In other more established markets, however, such as India and the UAE, the difficulties become orientated around the border with complex paperwork, labelling, and bureaucracy all acting as possible deterrents.
“Why be beholden to four or five key retailers in the in the UK when you can probably hit 400 to 500 retailers throughout the world?”
“India is probably the biggest dairy consumer in the world, but the regulations make it so difficult to get food in,” says Stephen Jones, MD at Somerdale. “Getting your paperwork approved sometimes comes with a certain amount of ‘persuasion’.”
Somerdale has navigated the complexities and risks associated with accessing these markets to build operations in over 50 countries, but many small suppliers may struggle to overcome the same hurdles.
“It’s sometimes not the right place for a small company to take risks, but even the big companies sometimes don’t want to, because it’s fiddly,” says Jones. “A big factory churning out thousands of tonnes of cheddar will probably say, if I can sell that into Tesco seven days a week, that’s my market, even though the margins are tight.”
But for his colleague Alan Jenkins, the opportunity is clear: “Why be beholden to four or five key retailers in the in the UK when you can probably hit 400 to 500 retailers throughout the world?”
Viral hit: how the pandemic hurt dairy exports
Unsurprisingly, the hit to European markets from coronavirus is what really hurt UK dairy exports during the pandemic.
The EU made up almost 80% of the UK’s foreign dairy sales in 2019 – worth more than £1.3bn. But in the first six months of this year, sales fell by more than £100m, according to official customs data, as restaurants and cafés shut across the continent.
It contributed to an overall decline of 12% on the same period last year as the effects rippled across the world. Butter suffered in particular, falling by 26%.
Though as Stephen Jones, MD at Somerdale confirms, there have been upsides. “Whether it’s in America, China or Australia, foodservice has been devastated. However, people still need to eat, so supermarket business has been booming,” he says.
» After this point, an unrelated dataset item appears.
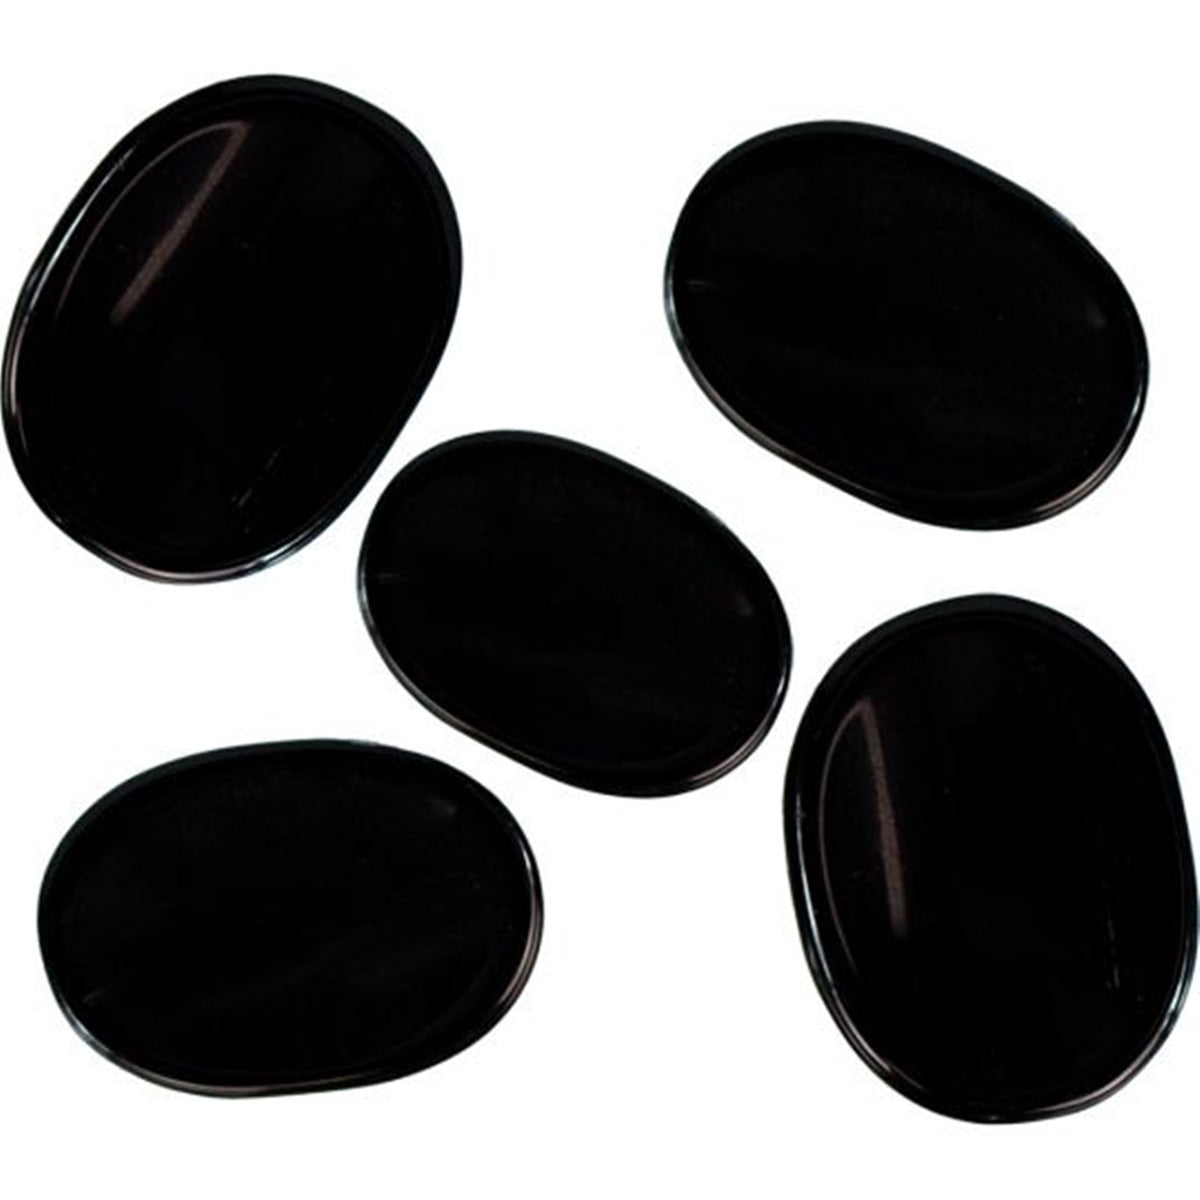 Black Agate Worry Stone

Nevertheless, the overall picture is gloomy for UK exporters. British dairy sales to the US, for example, fell by more than a quarter; sales to China by more than a third. Australia is one of the few significant markets to buck the trend, up 8%.
Both business and government had hoped the direction of travel would be in the opposite direction by now, as the UK struck on its agenda to reach new trade deals around the world.
While the new Japan trade deal offers a potential boon, with enhanced access for food and drink exports, some fear the pandemic will put most trade negotiations on the back burner.
“Covid has thrown a kind of awful curveball at the world,” says Alan Jenkins, director at Somerdale. “A trade deal really isn’t that important to a country when they’re trying to fight a lot of people dying.”
But when crises strike, opportunity often follows. The strain the pandemic placed on food supplies has provided a renewed focus on addressing the UK’s dependence on global imports.
In dairy, the UK is a net importer to the tune of more than £1bn, marking a possible opportunity for British companies to develop their market share.
“I think one of the outcomes of Covid will be to look to reduce our over dependence on input products and start shortening supply chains,” said John Giles, the Chartered Institute of Marketing’s food, drink & agriculture president.
“That all plays well to UK dairy producers. But to do that you’ve got to be able to invest in extra processing capacity and storage capacity, distribution, marketing. It doesn’t just happen.”